Charter Schools: What Really Makes Them So Appealing?

Parents across the U.S. are clamoring to get their kids into charter schools, but is this the way American education should be going?

Charter Schools vs Public Schools, charter schools dc

The school choice movement is quickly growing in popularity, but too many kids are still left behind. (Photo: Washington Post/Getty Images)

Suzi Parker is a regular contributor to TakePart. Her work also appears in The Christian Science Monitor and Reuters.

Nearly one million names are on waiting lists to attend charter schools. This is a dramatic increase from last year.

In the 2011-12 school year, 610,000 names were on the list compared to 920,000 this year, according to a new survey by the National Alliance for Public Charter Schools. Two years ago, the number was about 420,000.

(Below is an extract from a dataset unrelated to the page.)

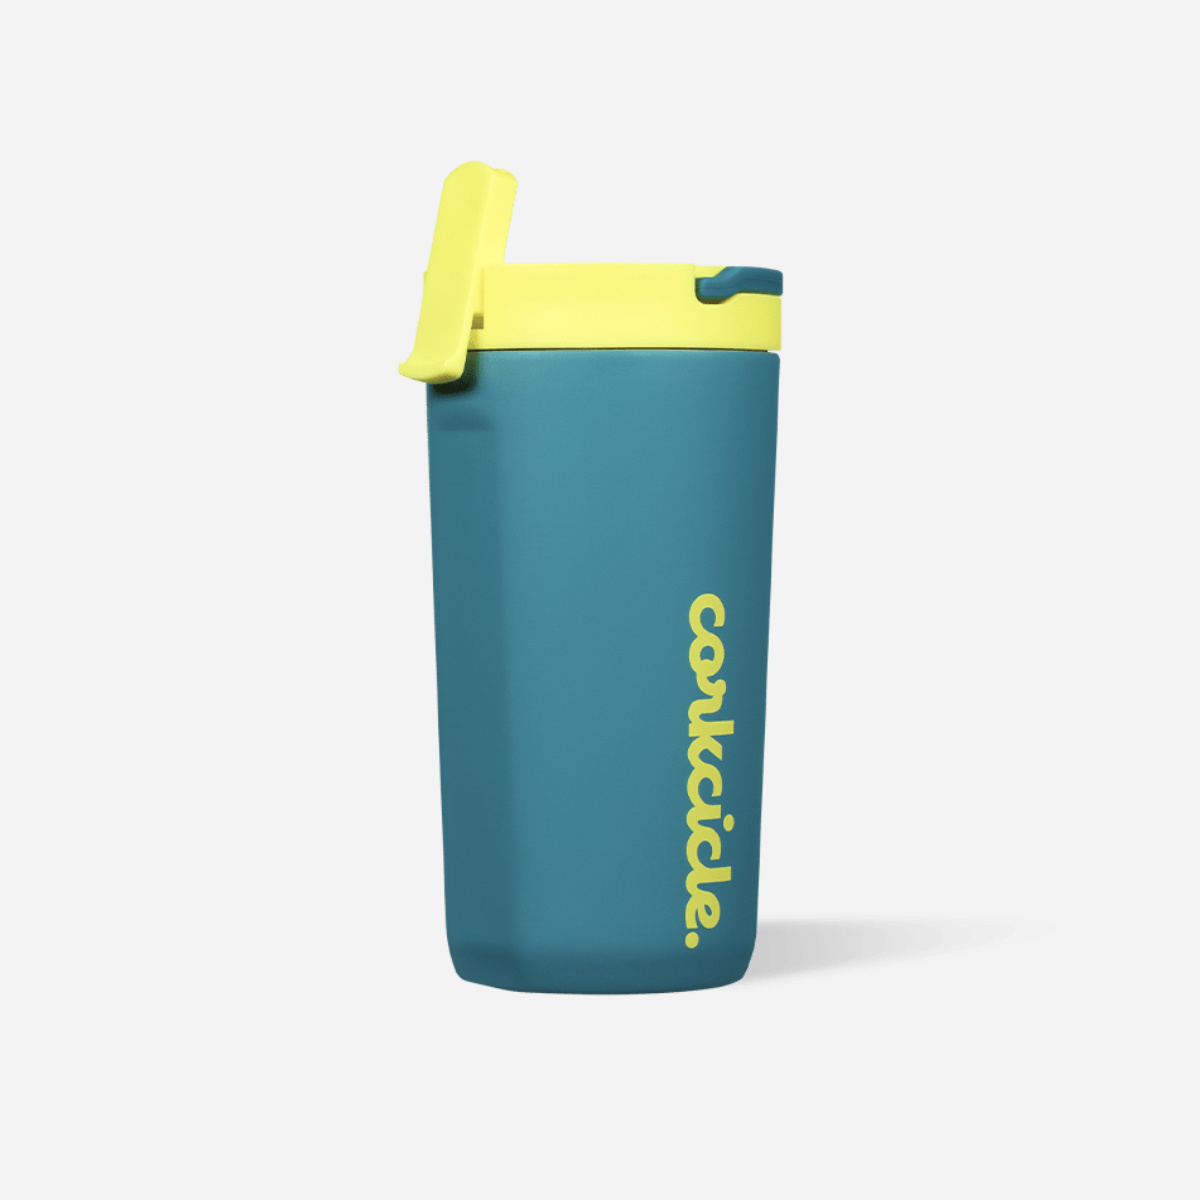 Corkcicle - CO Corkcicle - Electric Tide 12 oz. Kids Cup

“With public charter school waitlists approaching one million names, it’s heartbreaking for too many families hoping to send their child to a high-quality public charter school,” Nina Rees, NAPCS president and CEO, said in a statement. “Although the number of public charter schools is increasing rapidly—this year an additional 275,000 students enrolled in charter schools—this survey demonstrates that parental demand continues to outpace what is an already increasing supply.”

Charter schools are continually a point of controversy in education circles. Some critics argue that more federal money should be put into traditional public schools, instead of new charters. Still, proponents say that charter schools serve as a much-needed alternative, especially for disadvantaged students.

But are charter schools the best choice for students?

“Despite research showing that the vast majority of charter schools either fare worse or do not differ significantly from traditional public schools in student growth in reading or math (75 percent and 71 percent, respectively), the public continues to believe that charter schools are a preferred alternative to public schools,” Jerusha O. Conner, assistant professor of education at Villanova University, told TakePart. “The market-based logic of competition coupled with anti-union sentiment, promulgated by popular films like Won't Back Down and powerful lobbying groups, has captured public opinion.”

Conner points out a recent study by Stanford University researchers which finds that charter school students in many states, including Ohio and Pennsylvania, perform worse than their peers in traditional public schools in both reading and math.

“However, families across the state [Pennsylvania] continue to flock to charter schools,” she said.

One reason for the rush to charter schools could be how traditional public schools are faring amid severe budget cuts. There’s overcrowding in classrooms, a decline in extracurricular programs, such as art and drama, and the elimination of school librarians and guidance counselors. 

 “I think the appeal of charter schools is present because of the amount of corruption and ineffective management found in some of the regular, large and small, public school districts across the nation,” Luis Gabriel Aguilera, a Chicago educator, told TakePart.

He points to teacher cheating scandals in Atlanta and the creation of teacher “rubber rooms” in New York and Chicago—a place where teachers who face disciplinary charges sit, knit, and stare at the wall while collecting their full paycheck—as reasons why parents are seeking education alternatives.

Additionally, educators at charter schools are given more freedom to design curriculum, and administrators can hire non-union teachers. Parents also feel like they have more power over their child's education in charter schools. They get to choose a charter school instead of being told by a district to attend a neighorhood school that might not fit their child's needs.

While the Stanford study states that “the vast majority of charter schools in the United States are no better than public schools,” it also points out that some charters schools, are, in fact, improving.

This latest study is an updated version of Stanford’s initial 2009 report that examined charter schools. Then, researchers stated that only 17 percent of charter schools raised student math test scores above their traditional public school counterparts. That number is now 29 percent.

The National Alliance for Public Charter Schools reports that schools that have been operating for six or more years have “an average waiting list of 238 students.” Even schools that haven’t been in existence that long have, on average, 178 students waiting.

Charter schools are likely to continue increasing in popularity as parents tire of traditional public schools and more school districts and private partnerships invest in charters.

“Perhaps both ineffective management and corruption is what is bringing so much appeal to charters by the neighbors who don’t have, as some would say, clout, ‘pull’, etc. and the will to navigate a sometimes hostile, political, corrupt, absurd, and a land-mined terrain,” Aguilera said. “As a parent and educator, I would say that makes the charters rather appealing.”